Studies have demonstrated the importance of ensemble streamflow forecast for short-term reservoir operations. Zhao et al. [2011] analyzed the effect of forecast uncertainty on a hypothetical, real-time reservoir operation by modelling the dynamic evolution of uncertainties involved in various forecast products. Their results showed that it was more valuable to consider the forecast uncertainty for reservoirs with smaller storage capacity as they were sensitive to forecast errors. A hydro-economic assessment of hydrologic forecasting systems carried out by [Boucher et al. 2012] quantified the benefits of ensemble forecasts for decision making in hydroelectricity production during a flood event.

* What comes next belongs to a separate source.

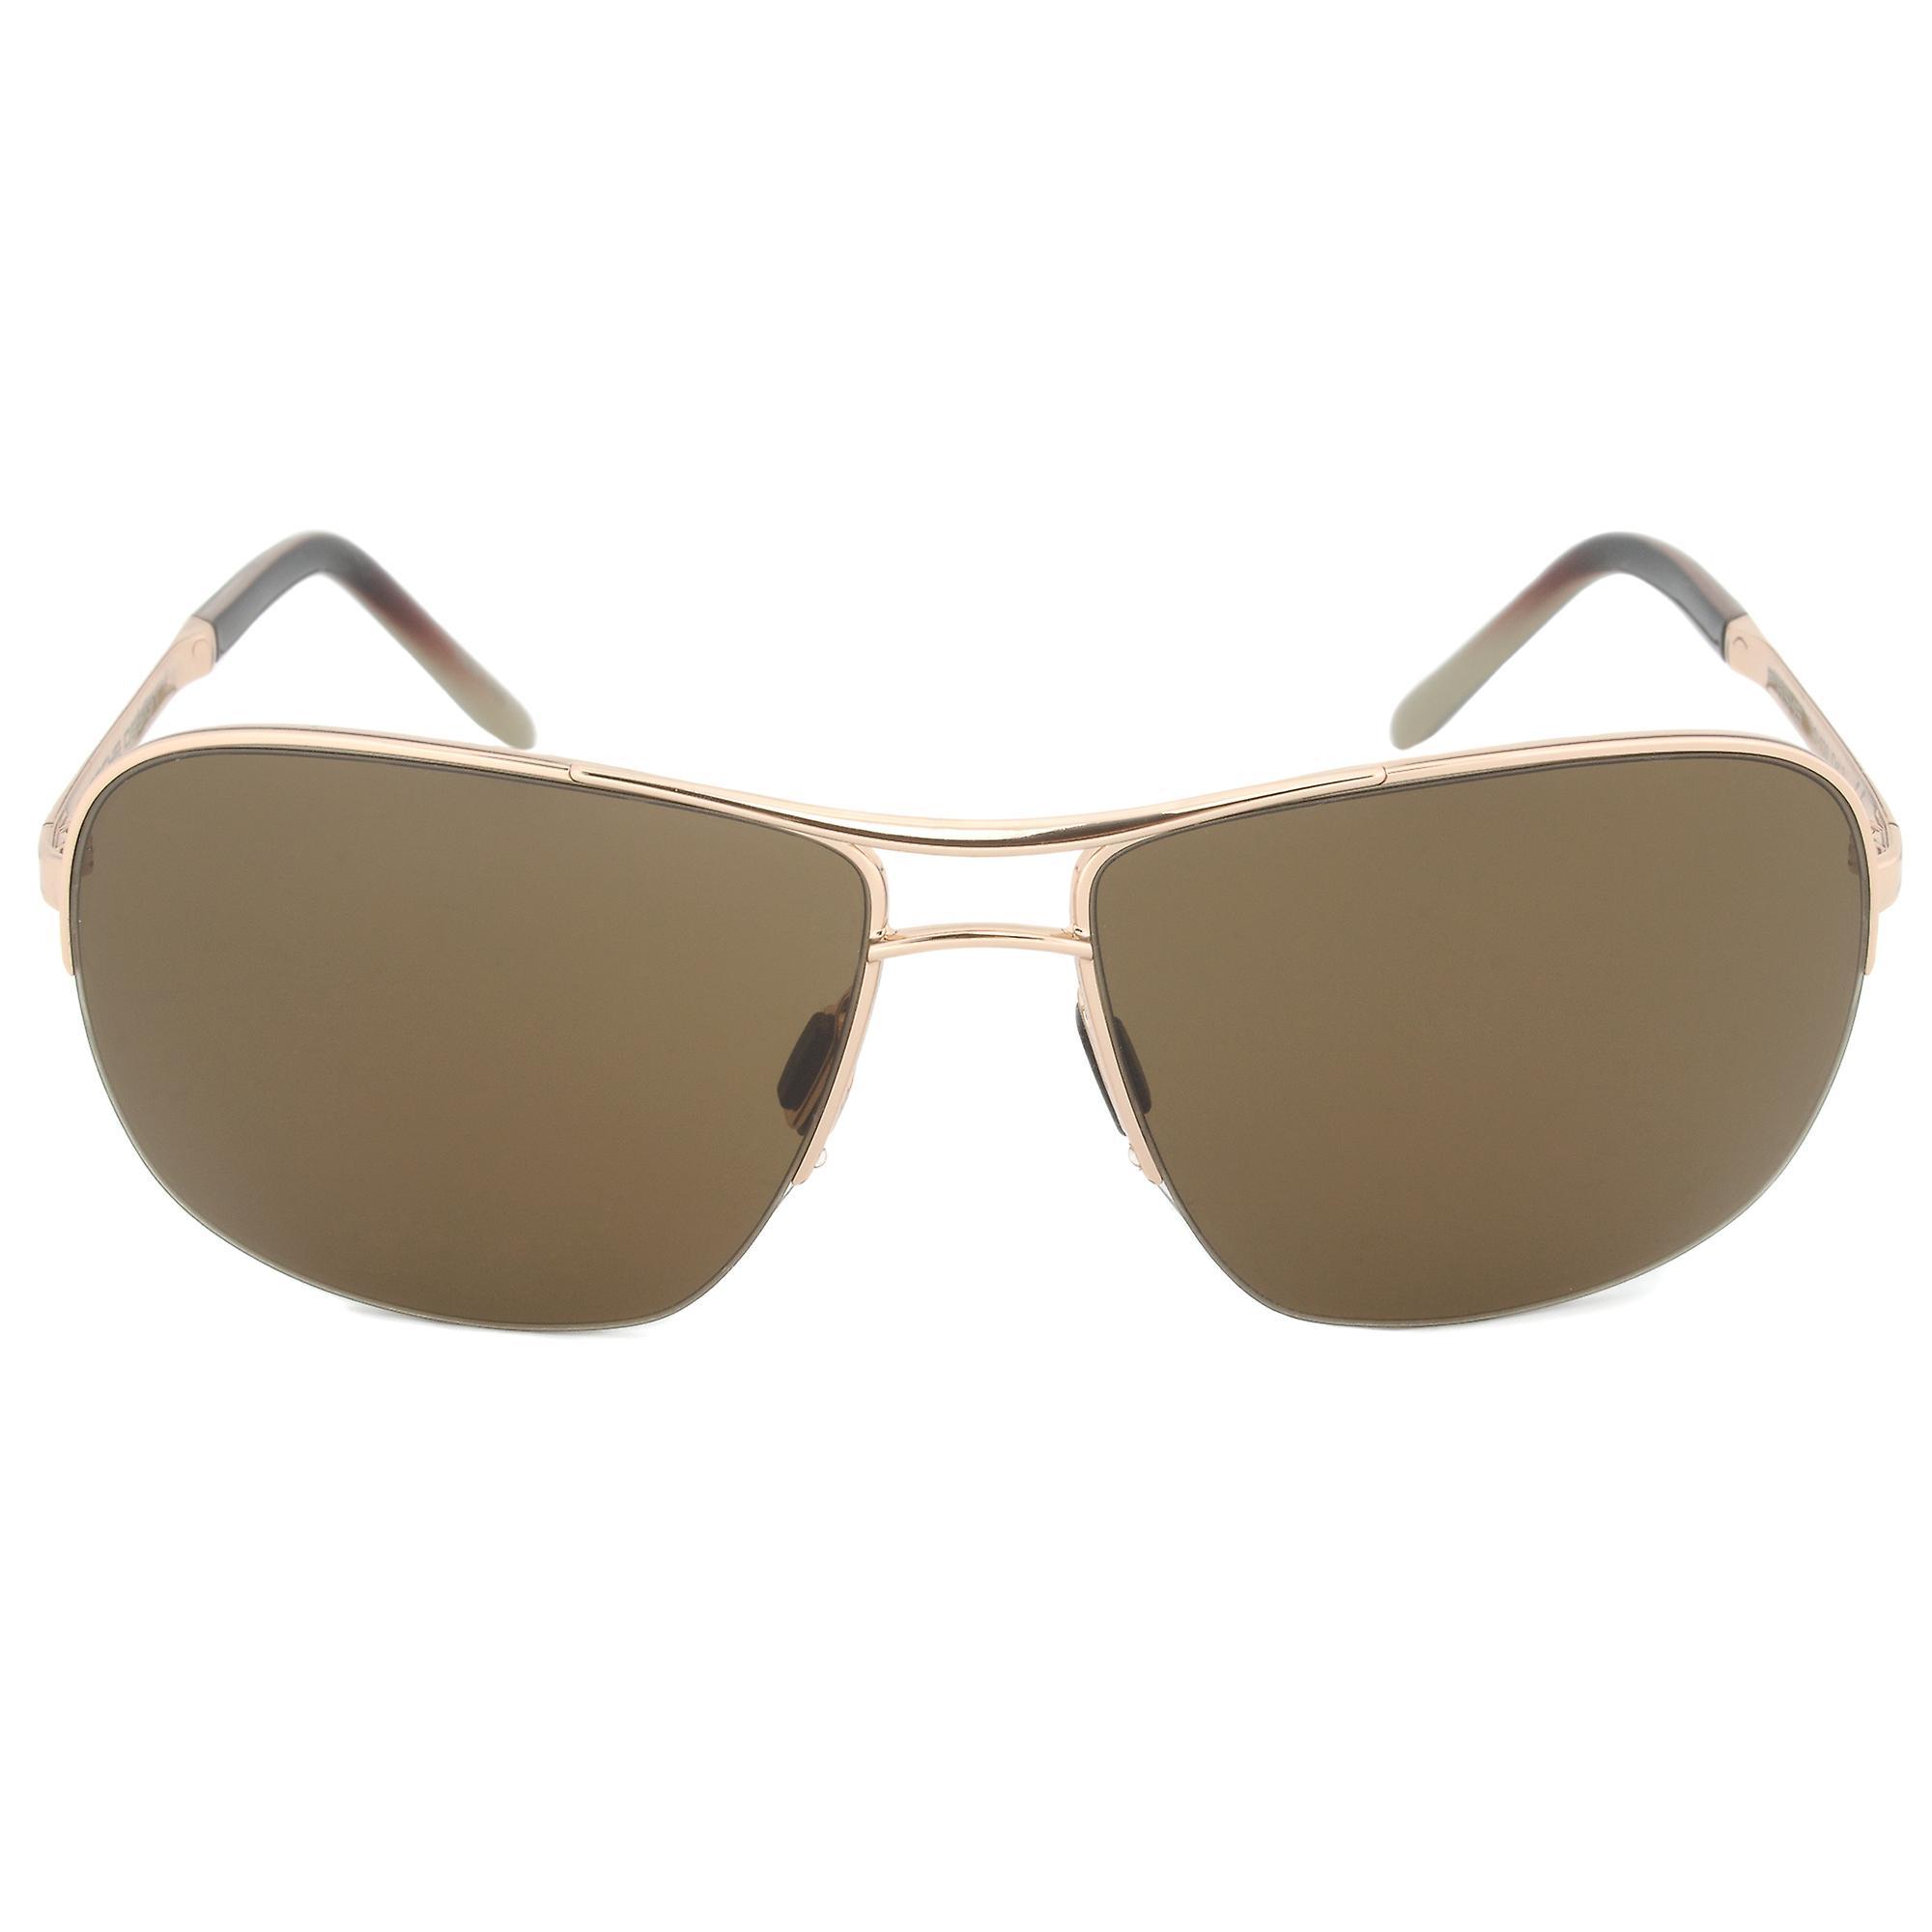 Porsche Design Design P8545 C Rectangular Sunglasses   or Frame   marron Lens

Different optimization techniques can be used to capture the sequential and non-linear decision-making nature of reservoir operations. Dynamic Programming (DP) is conventionally used as a method to optimize single-reservoir operations given the availability of deterministic inflows to the reservoir [Labadie 2004; Loucks et al. 2005; Yakowitz 1982]. To explicitly include the uncertainty information to make optimal decision under uncertainty, stochastic DP is preferred when dealing with ensemble forecasts [Eum et al. 2011; Galelli et al. 2014]. Studies have also used ensembles of inflow forecast and real-time model predictive control approach to improve operations of a single reservoir Fernando Mainardi Fan et al. [2016]; Schwanenberg et al. [2015] and multi-reservoir systems [Ficchì et al. 2016] leading to more robust decisions.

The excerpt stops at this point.